1. Try to have a say so in the menu. When the menu is being planned suggest lean pork loin chops or grilled chicken and for sides you can have corn on the cob or other grilled veggies...kabobs also work nice. or a lean cut of steak. My family was in the rut of fatty burgers and hot dogs and ribs...baked beans, potato salad, etc. Sometimes we still have burgers but I buy extra lean ground beef and get whole wheat buns....or turkey dogs!

2. If you can't have a say so in the menu or the menu is already planned....bring a huge healthy salad! You are contributing to the party and get to eat healthy food....Have a salad and maybe a small portion of the food being served....or none of it at all..its up to you!

3. BIRTHDAY CAKE!!!! YUM! I bring a 100 calorie pack of those yummy chocolate cupcakes with the cream filling and chocolate icing! They are soooo good!
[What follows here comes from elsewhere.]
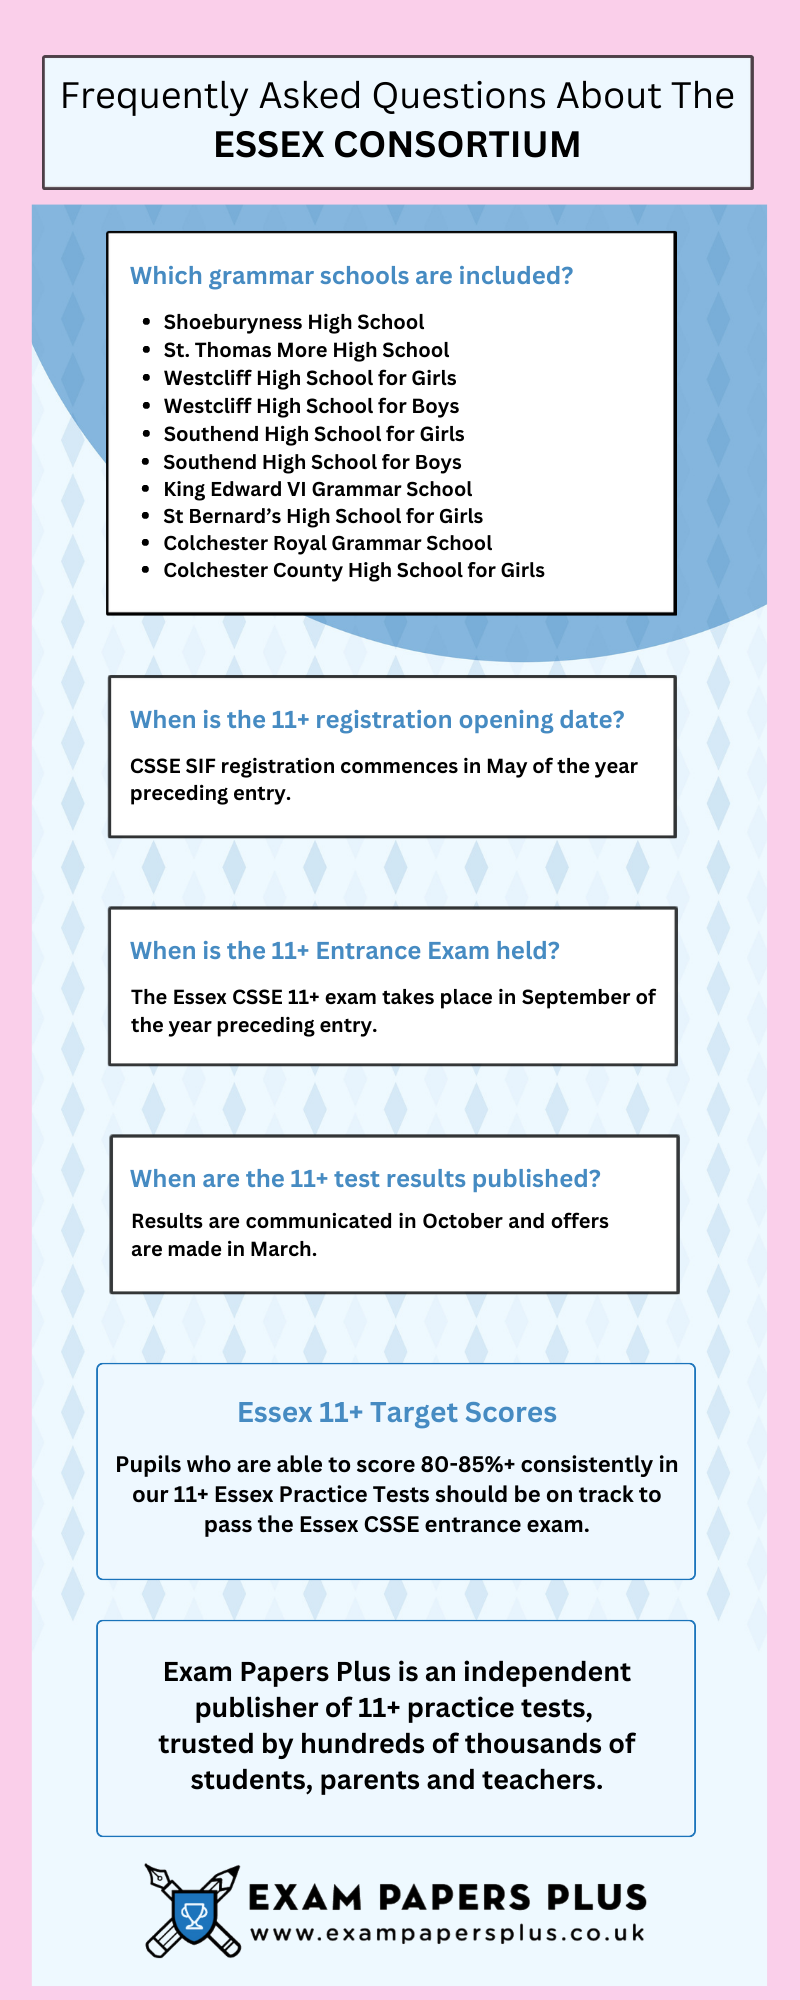 Essex 11 Plus CSSE Exam information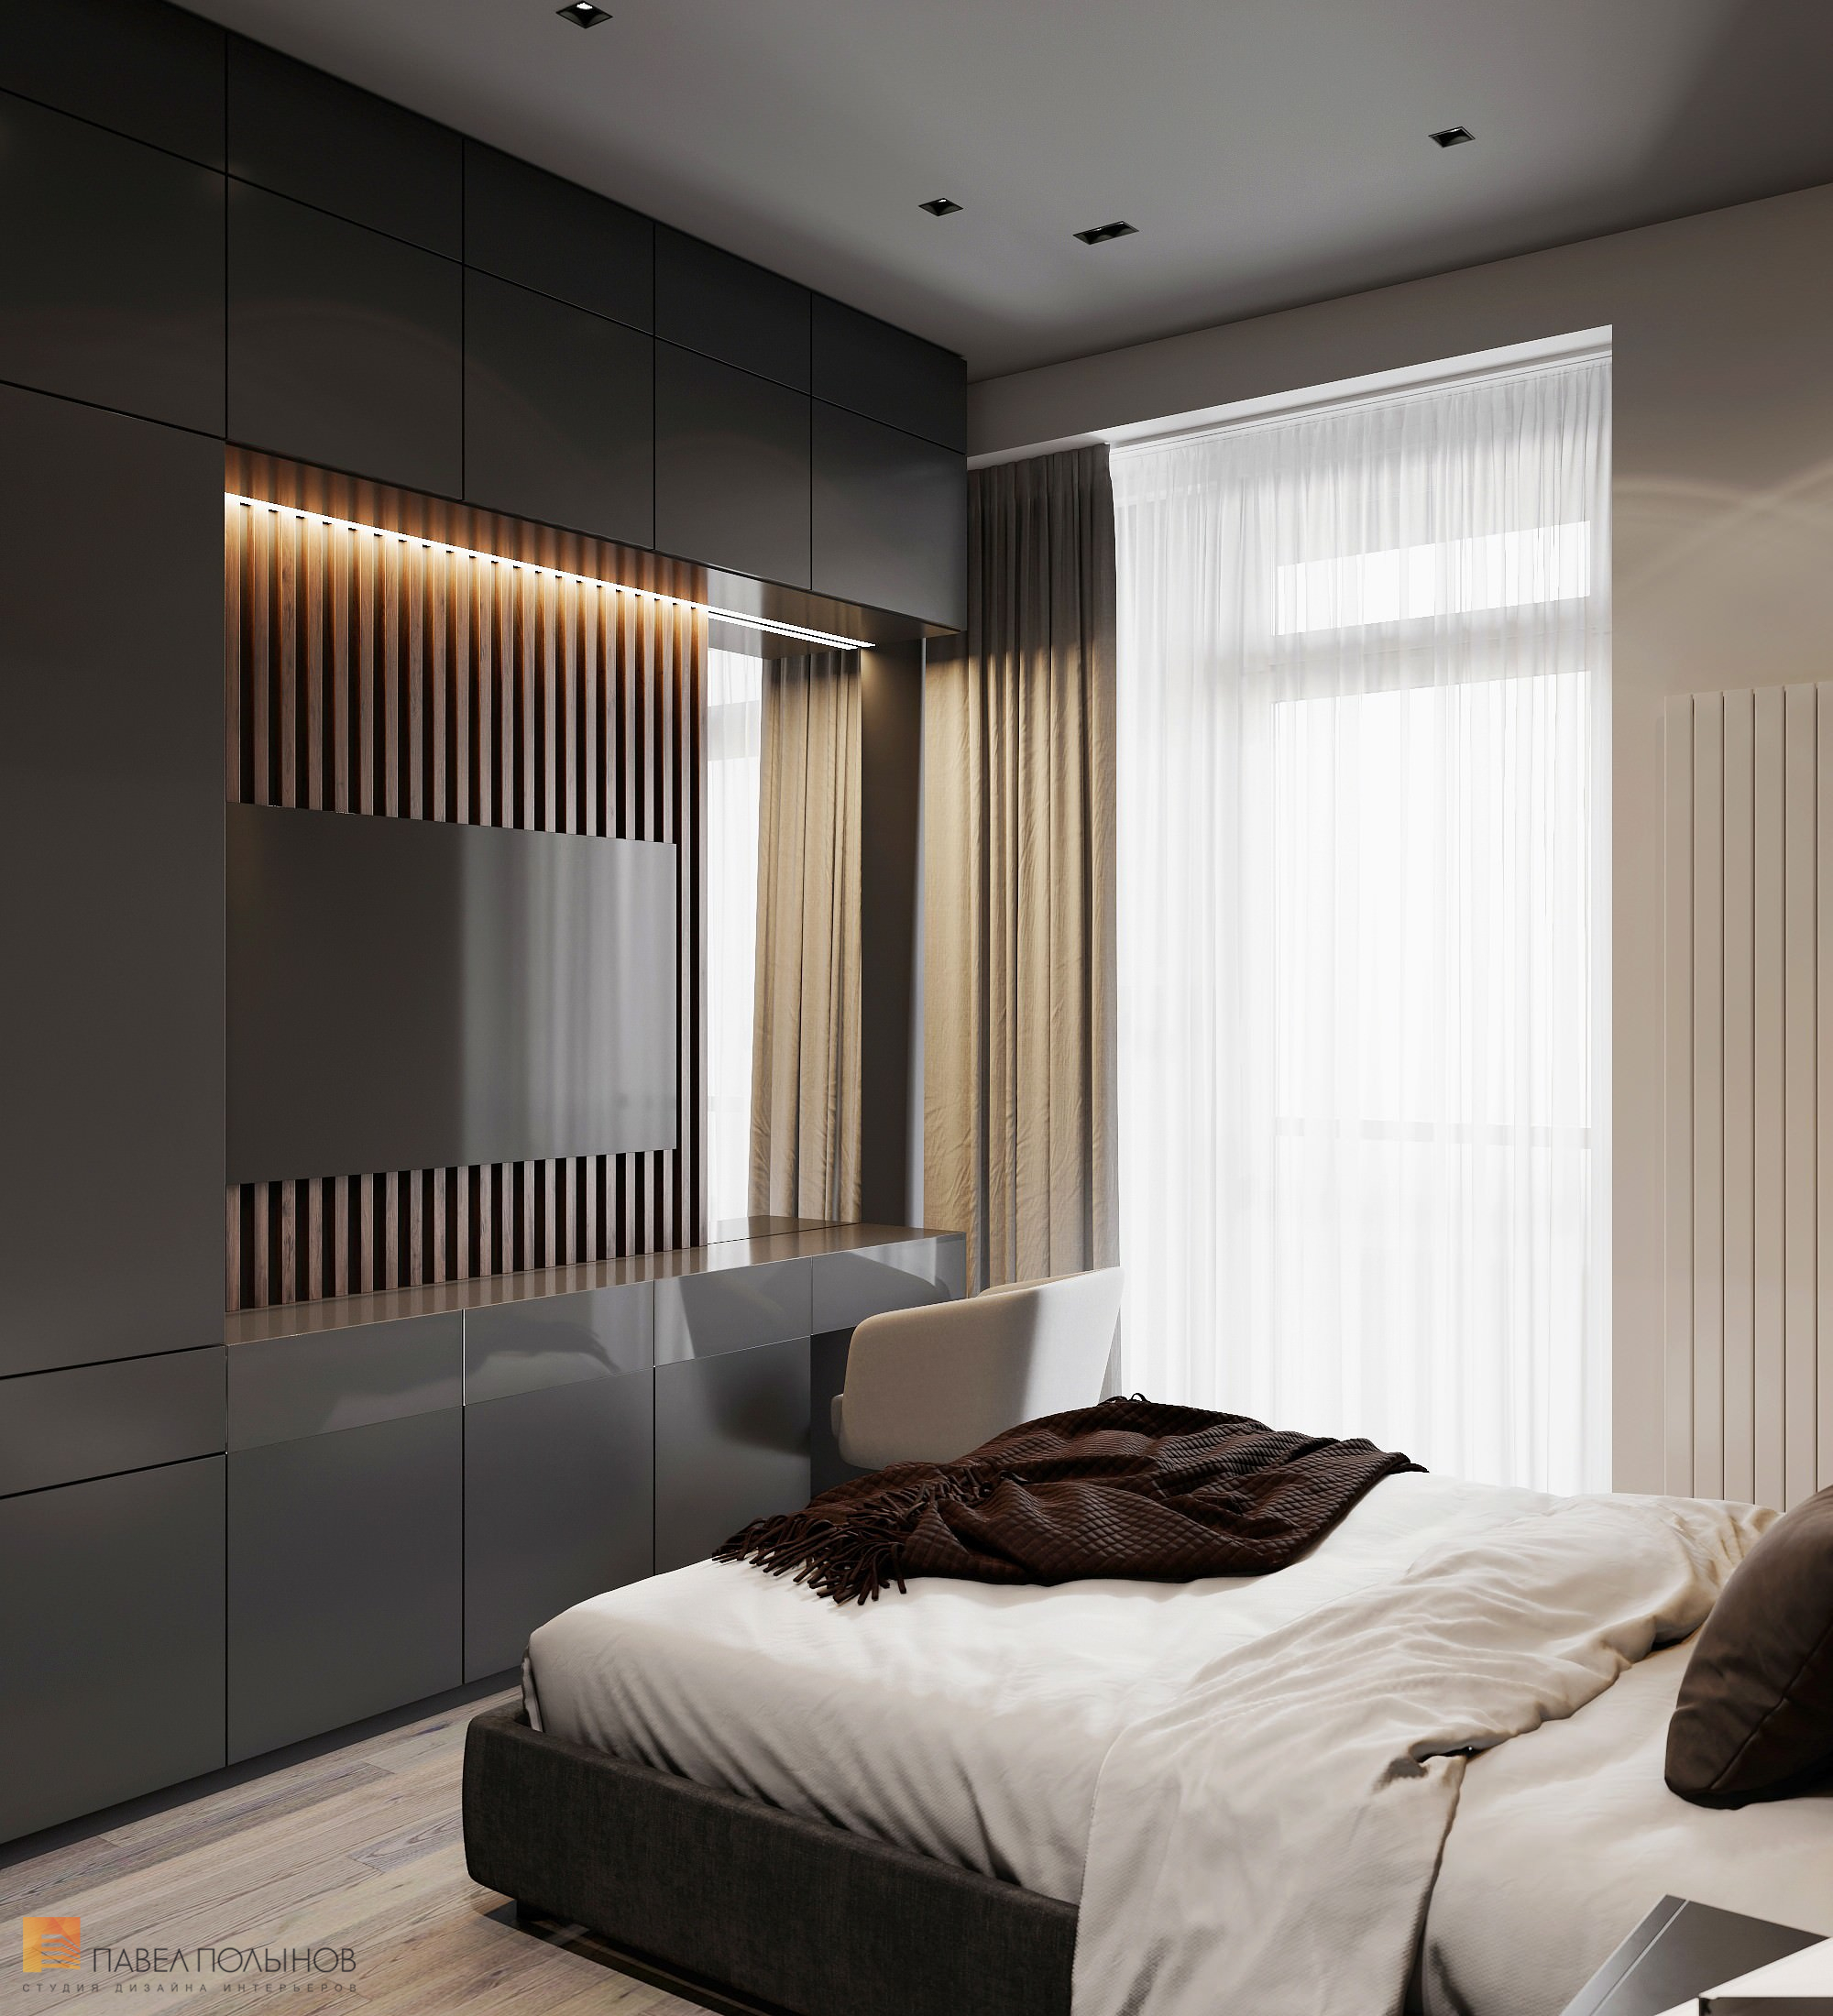 Фото дизайн спальни из проекта «Интерьер квартиры в современном стиле, ЖК «Символ», 64 кв.м.»

When everyone else has their cake...I do to...but without all the extra calories!

4. My family also gets together A TON during football season! Lots of appitizers and food....I bring a veggie tray with dip and a fruit tray.....that way everyone including me can have some healthy options...I try to stay away from the chips and rotel dip, the mozz. cheese sticks, and hot wings! :(

5. Thanksgiving and Christmas - Well first of all Turkey is good for you! Dressing on the other hand isn't...LOL! BUT we only have it these two times a year so I do plan on having a small serving along with turkey...but the rest will be green beans, corn, and other good stuff! But I will work out a little extra in preperation for these meals on those weeks!!!

6. When eating out, I decide what I'm going to eat before I get there and I don't look at the menu...I just order! If I look at the menu it is harder to resist those deep fried chicken strips and french fries...or cheeseburgers!!!

snapless 07-30-2008 10:53 AM

I've learned to not feel guilty to care enough about my own body to turn down food I do not want to place in it.